Problem description. The whole listing should come back exactly as written, except for the pictures.

##### Source material

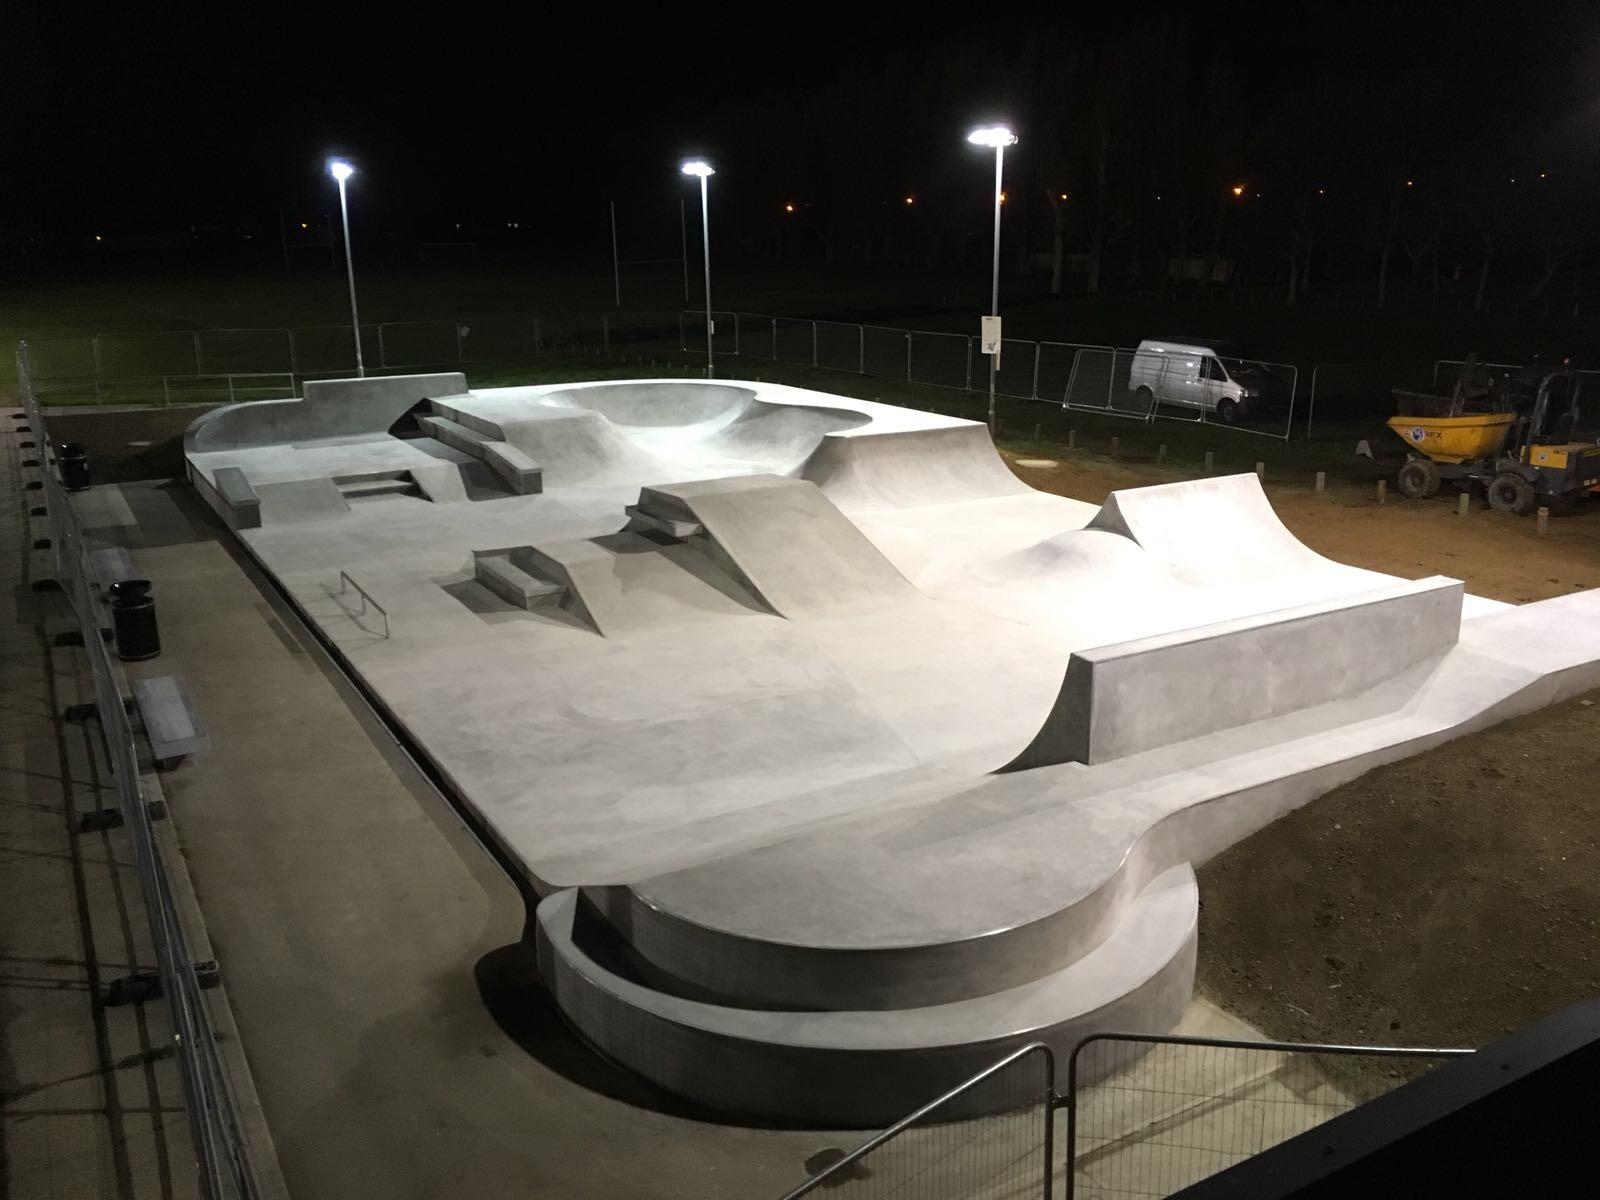 New Skate Park in Harwich
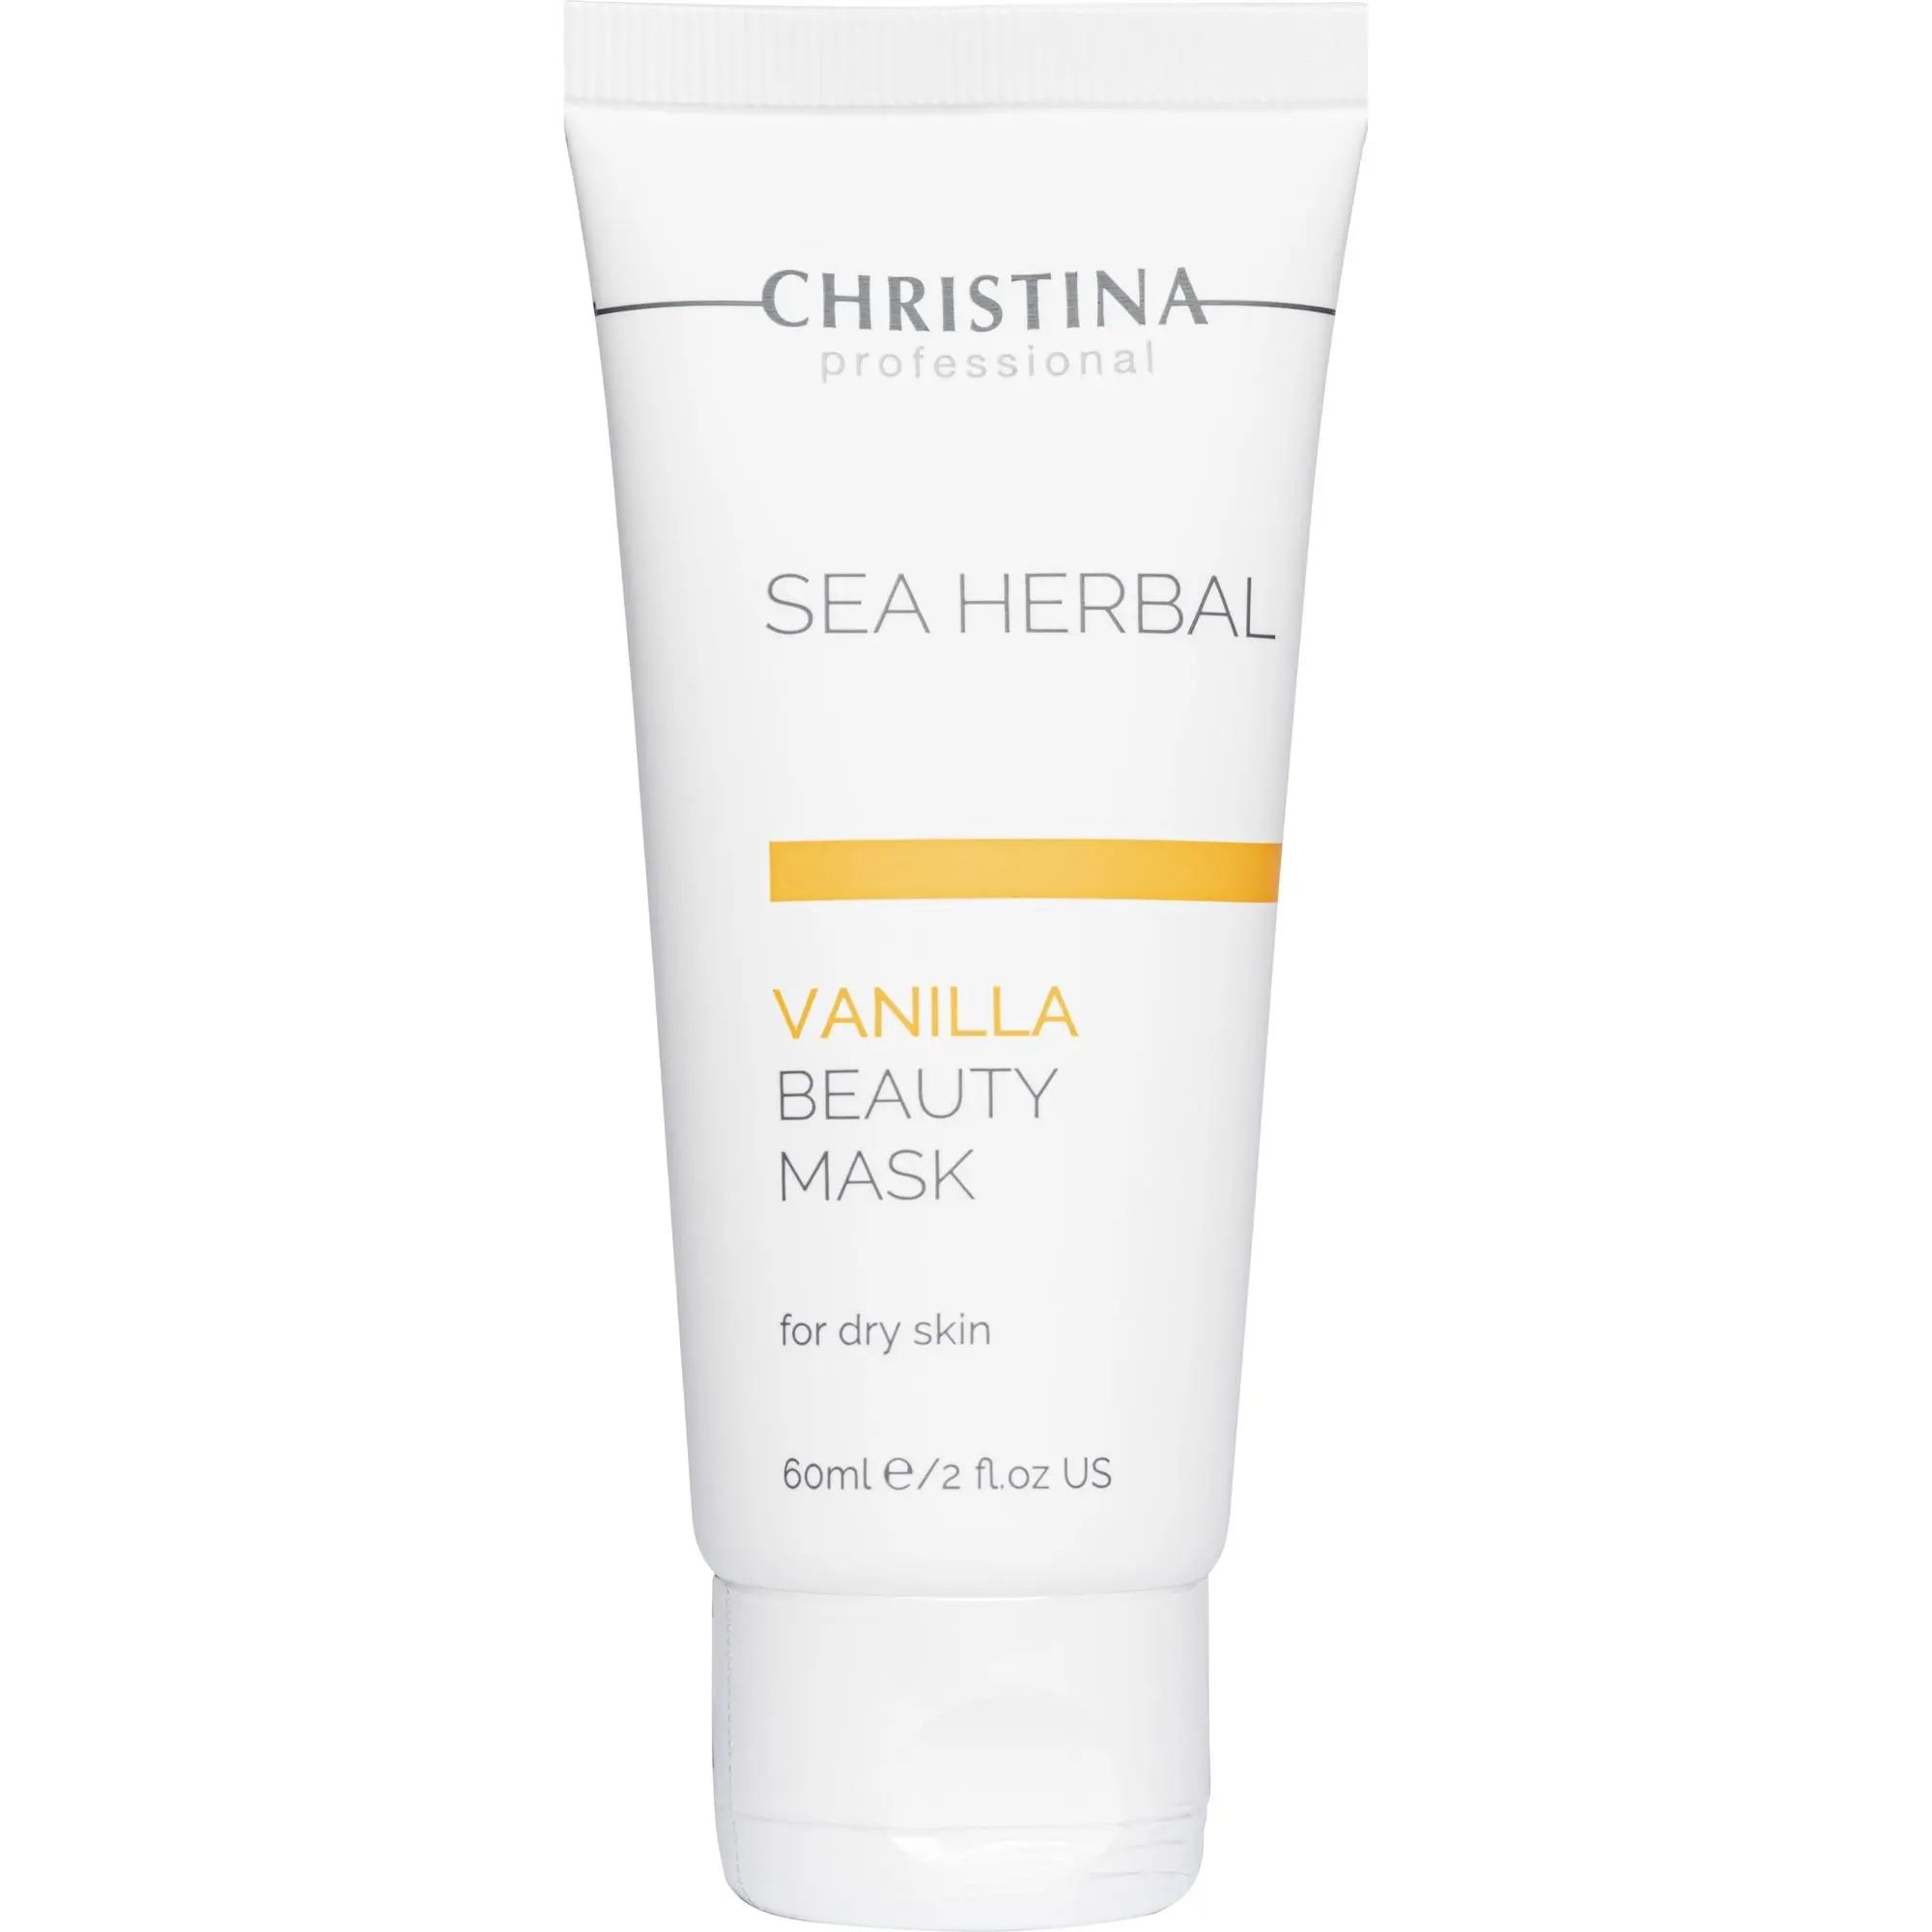 Зимний набор Christina Питание и увлажнение для сухой кожи: Увлажняющий крем 60 мл + Ванильная маска 60 мл - фото 3
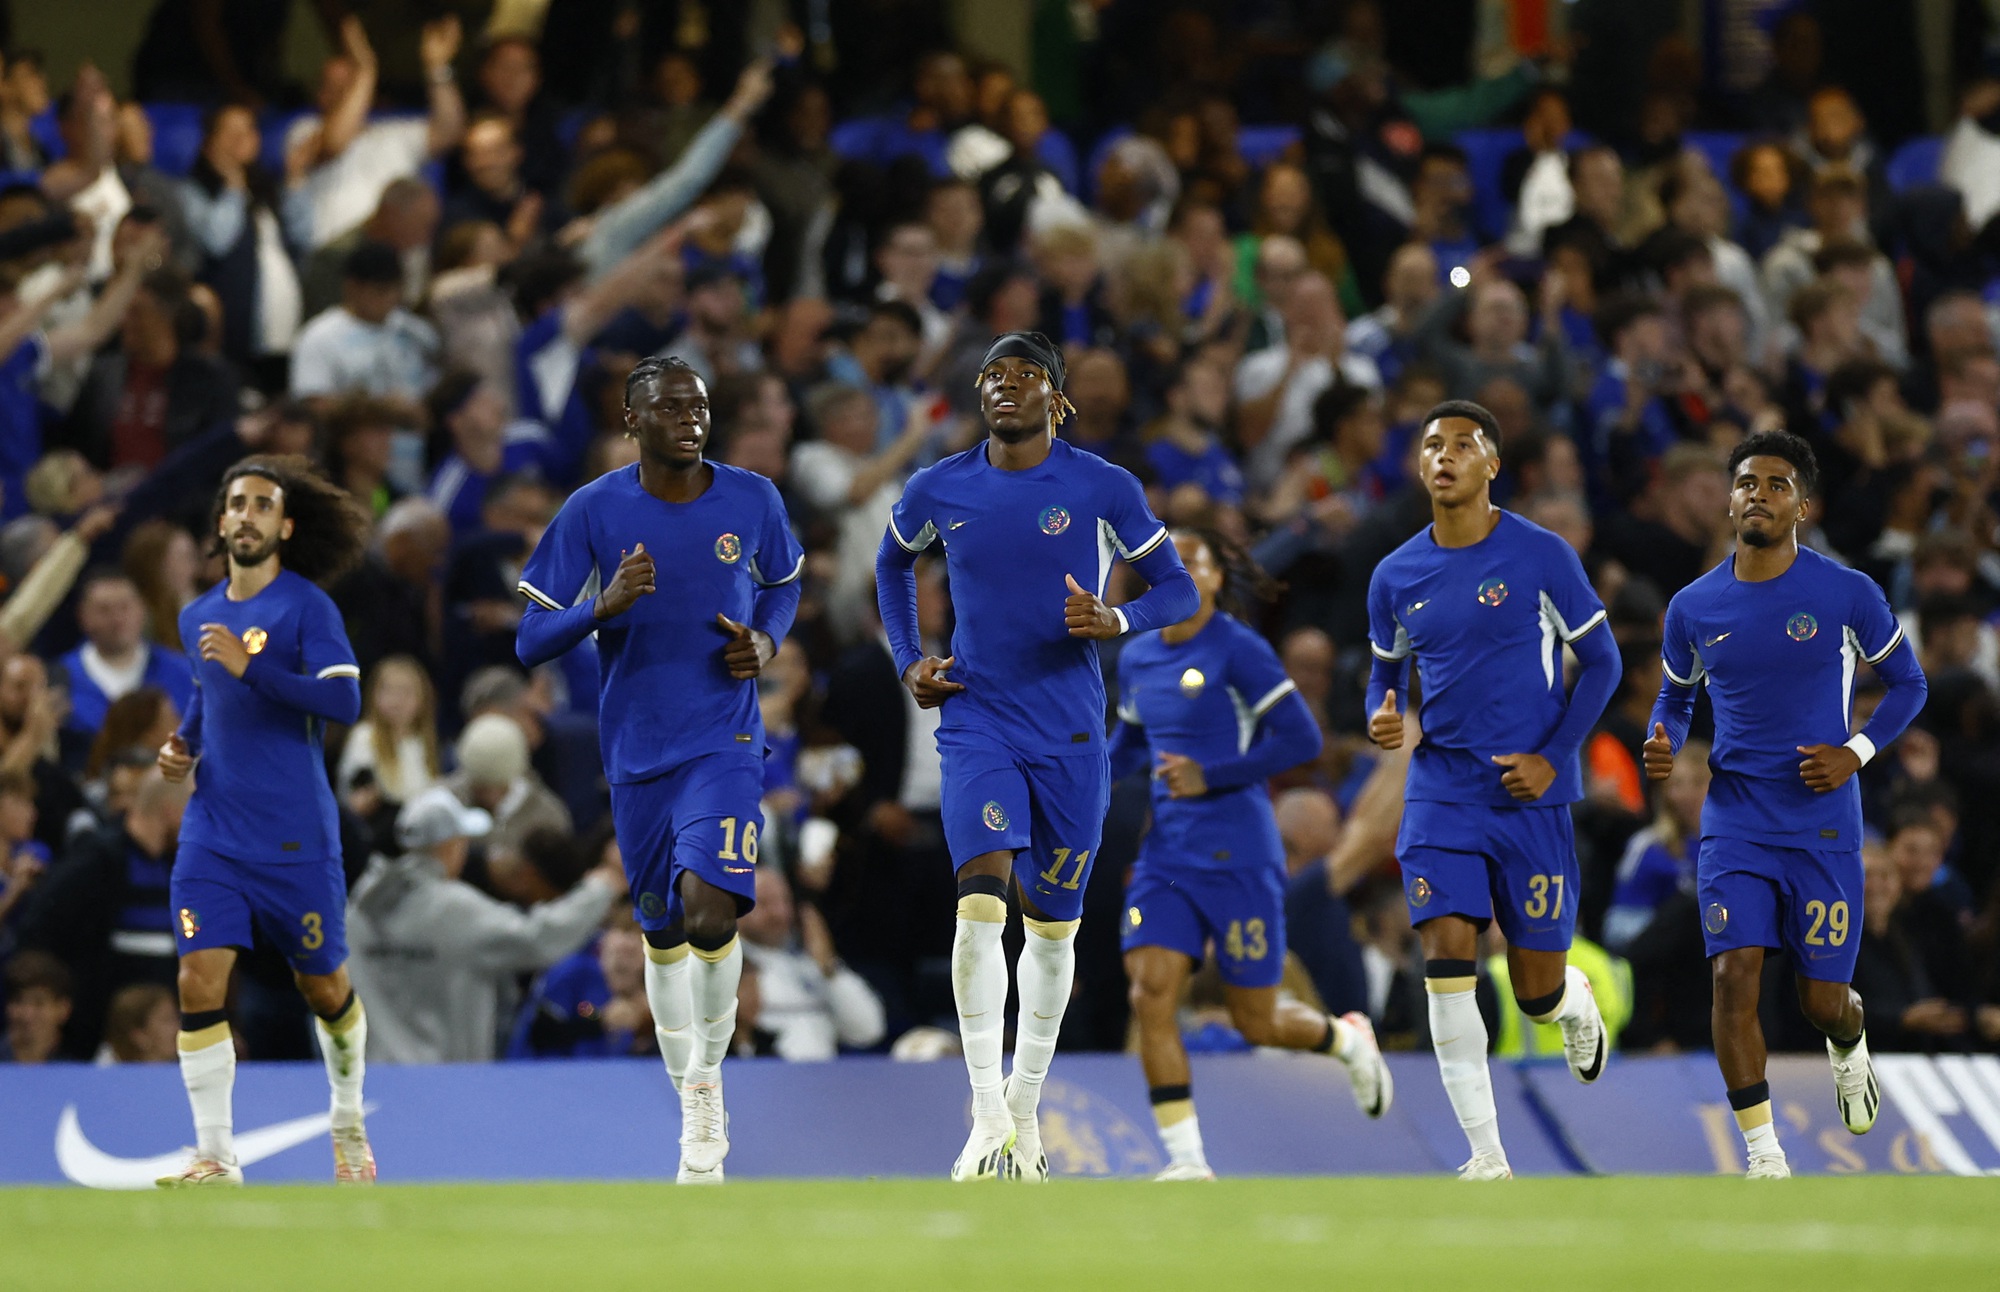 Sao 107 triệu bảng lập công, Chelsea thắng chật vật đội bóng Hạng tư tại League Cup - Ảnh 3.

##########

Your solution.
 New Skate Park in Harwich
 Зимний набор Christina Питание и увлажнение для сухой кожи: Увлажняющий крем 60 мл + Ванильная маска 60 мл - фото 3
 Sao 107 triệu bảng lập công, Chelsea thắng chật vật đội bóng Hạng tư tại League Cup - Ảnh 3.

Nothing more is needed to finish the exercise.